TASK OBJECTIVE: Take the line with "ccnp enterprise cisco" as the first and the last line of the data as the end. Write out both and every line between exactly, except pictures.

INFORMATION SUPPLIED:
- - - - -

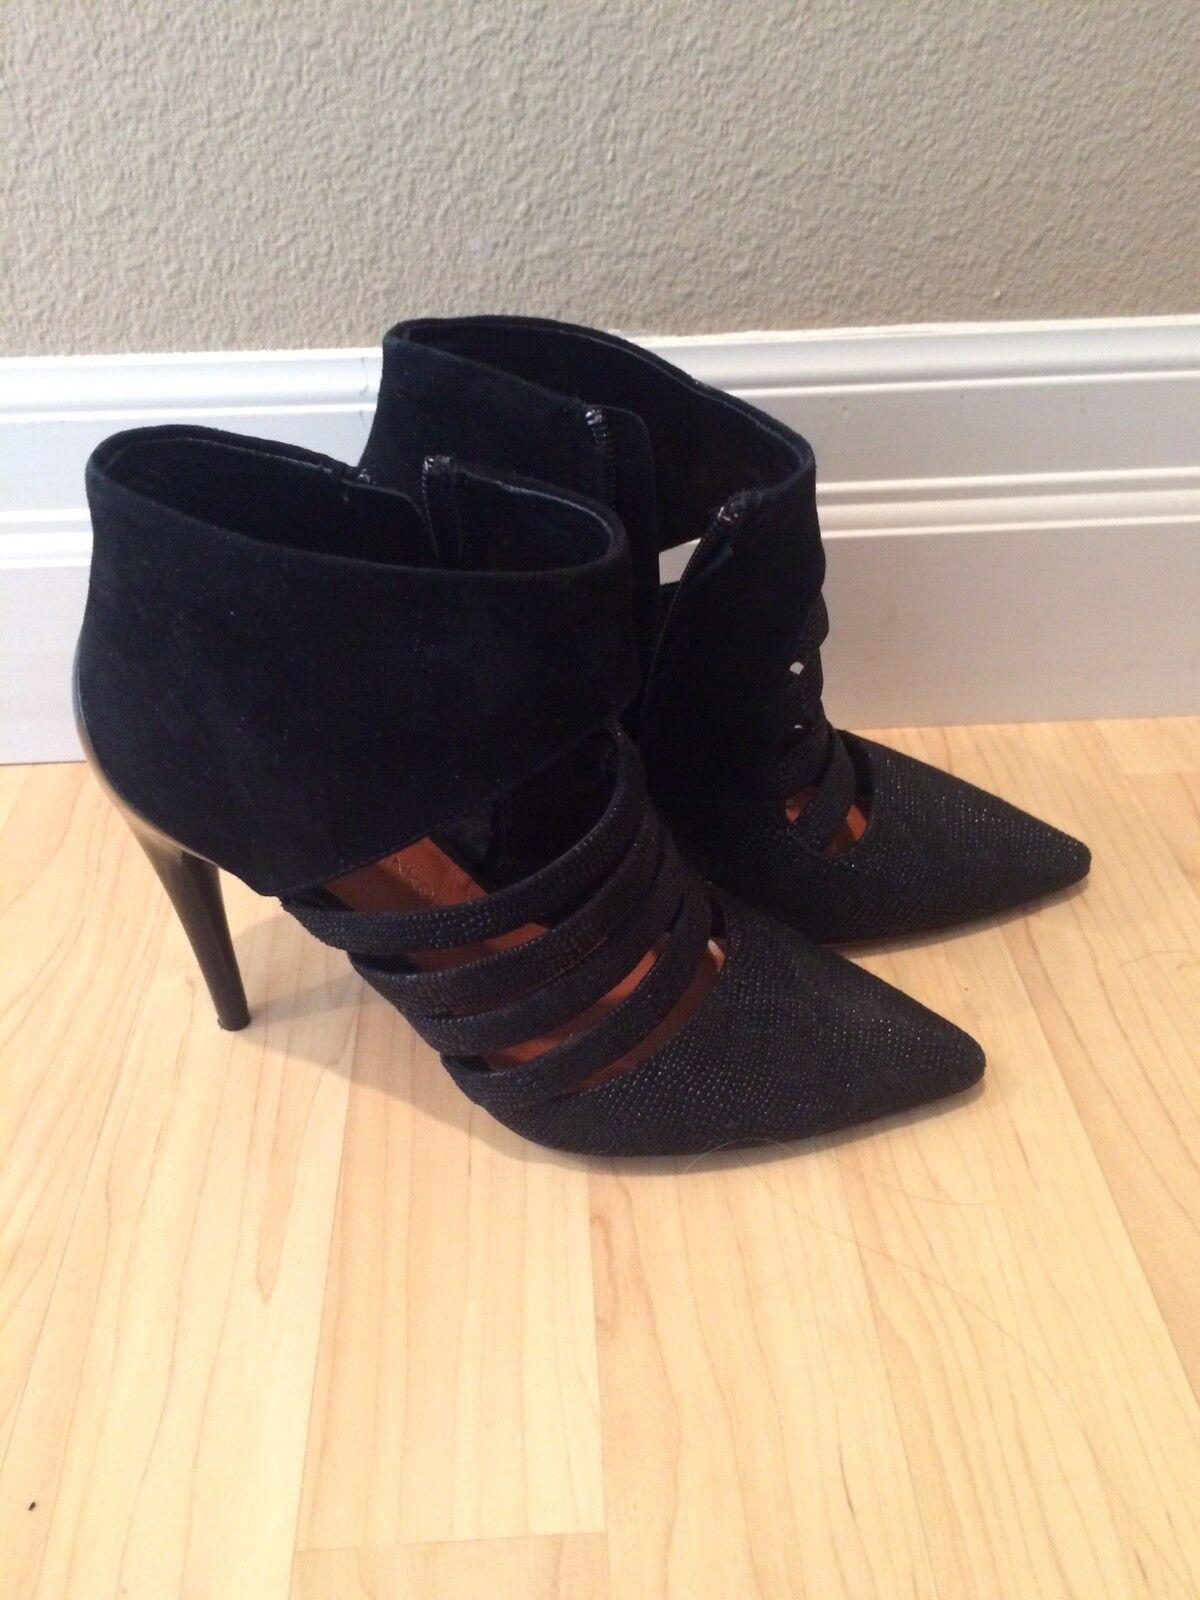 Men's/Women's rebecca minkoff ankle booties 6 Aesthetic appearance Clearance TRUE
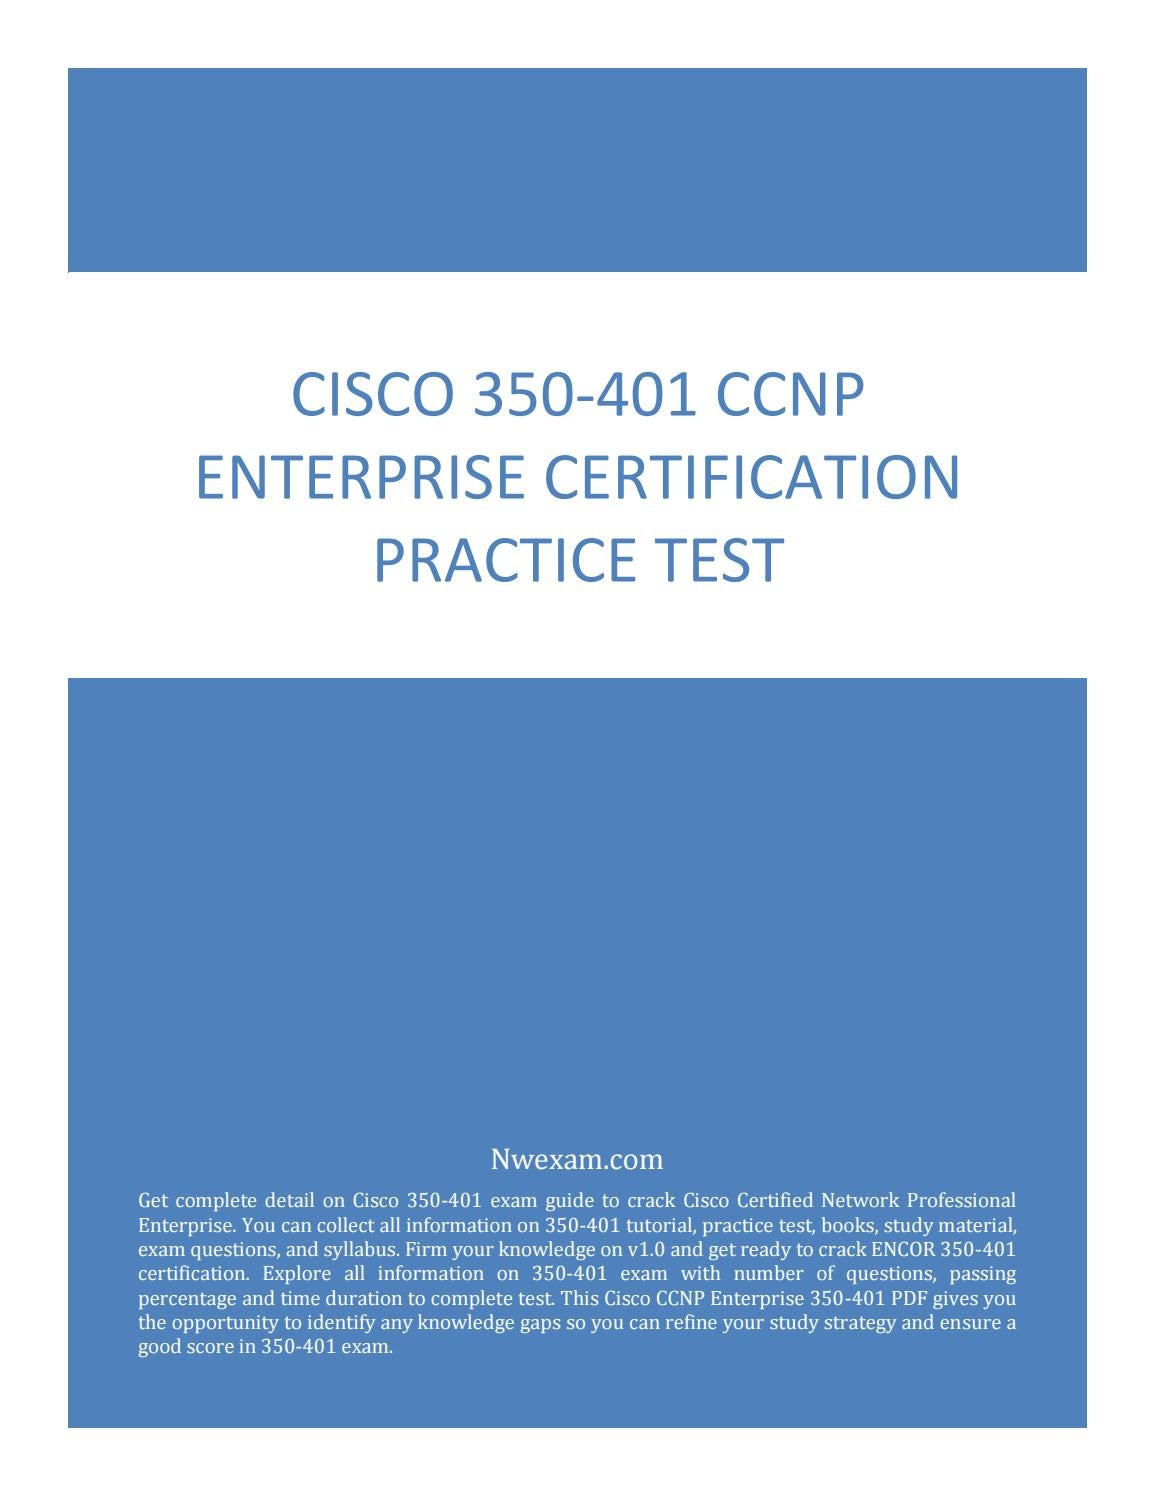 ccnp enterprise cisco certification practice test
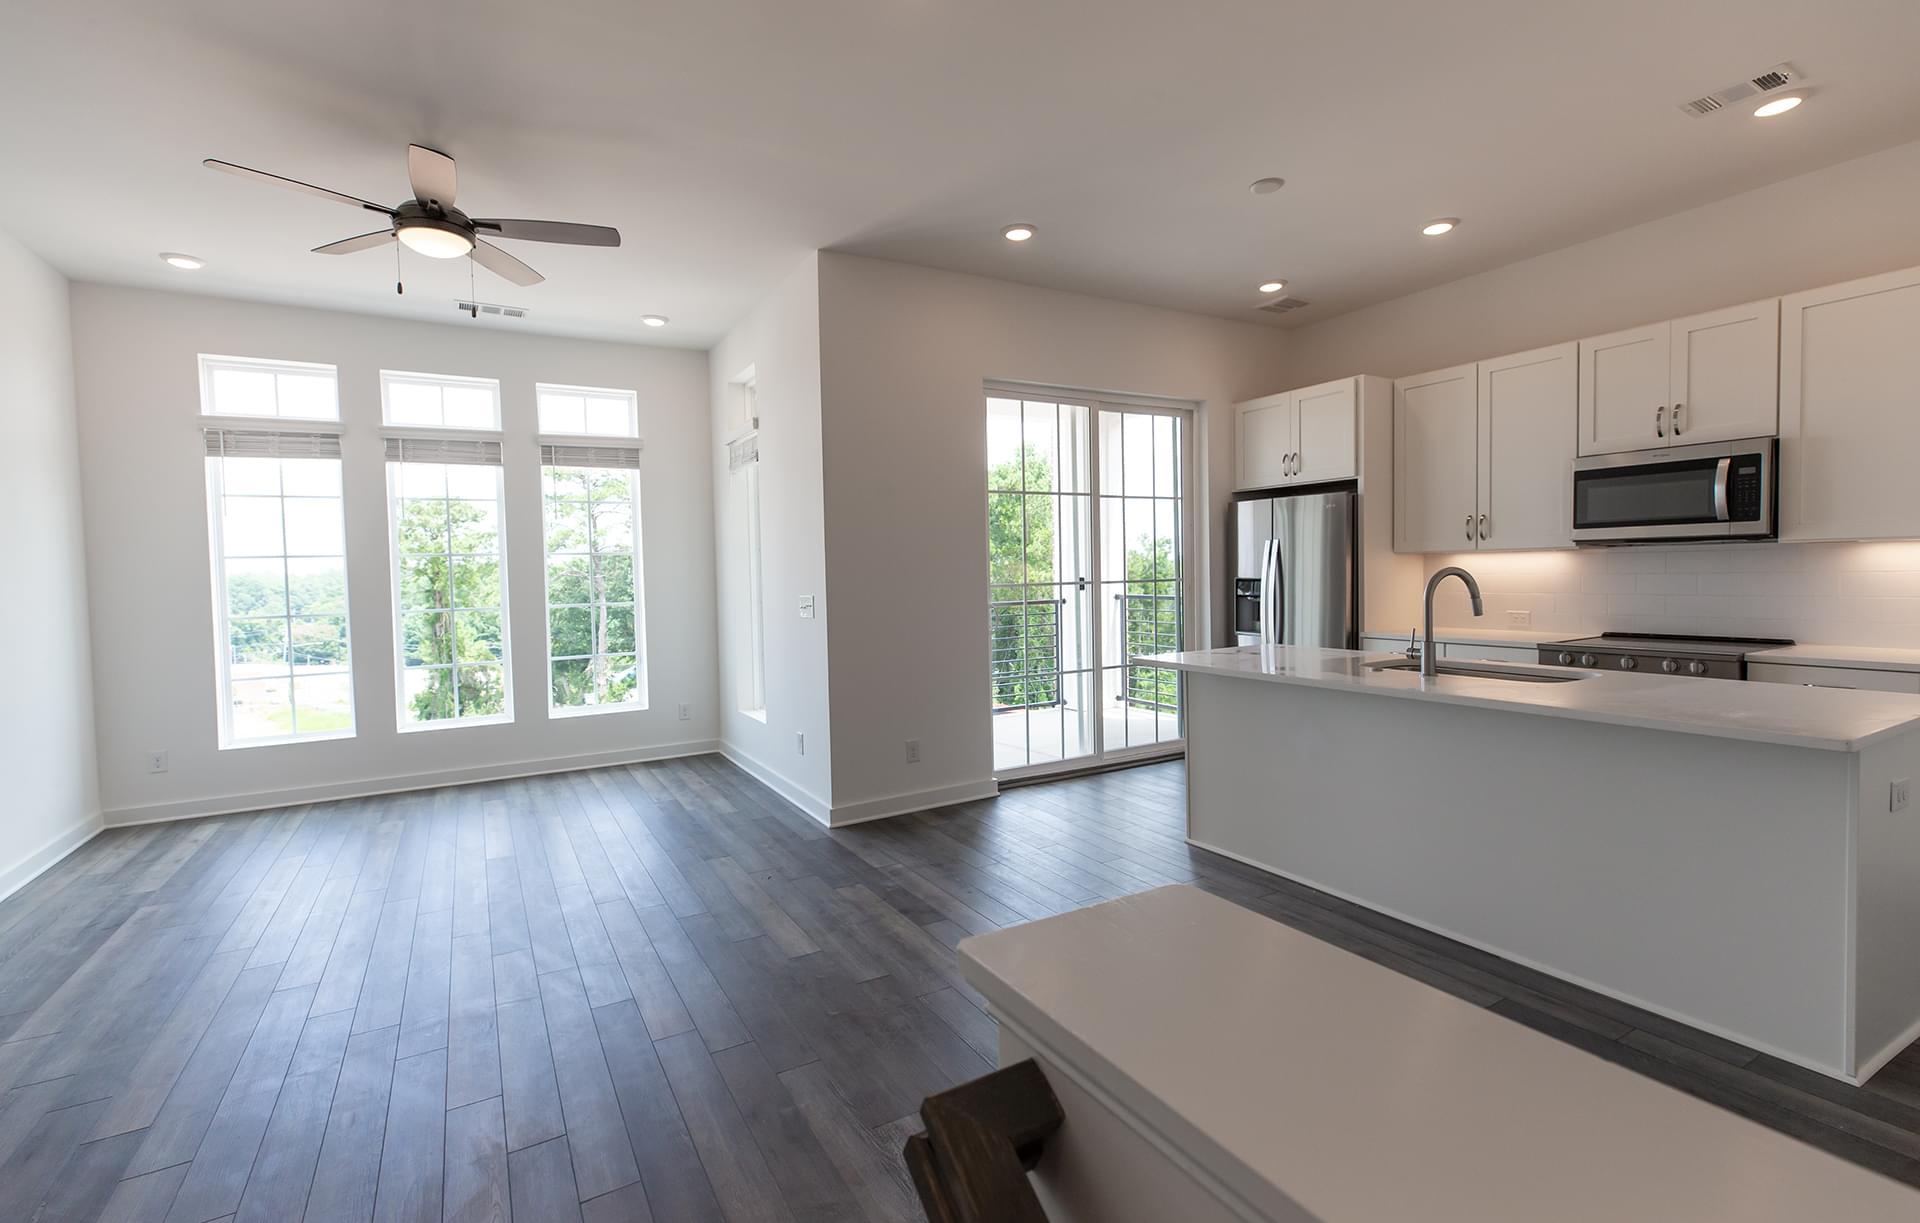 The Edgehill New Home in Alpharetta GA

- - - - -

RESULT FOR THIS EXERCISE:
 ccnp enterprise cisco certification practice test
 The Edgehill New Home in Alpharetta GA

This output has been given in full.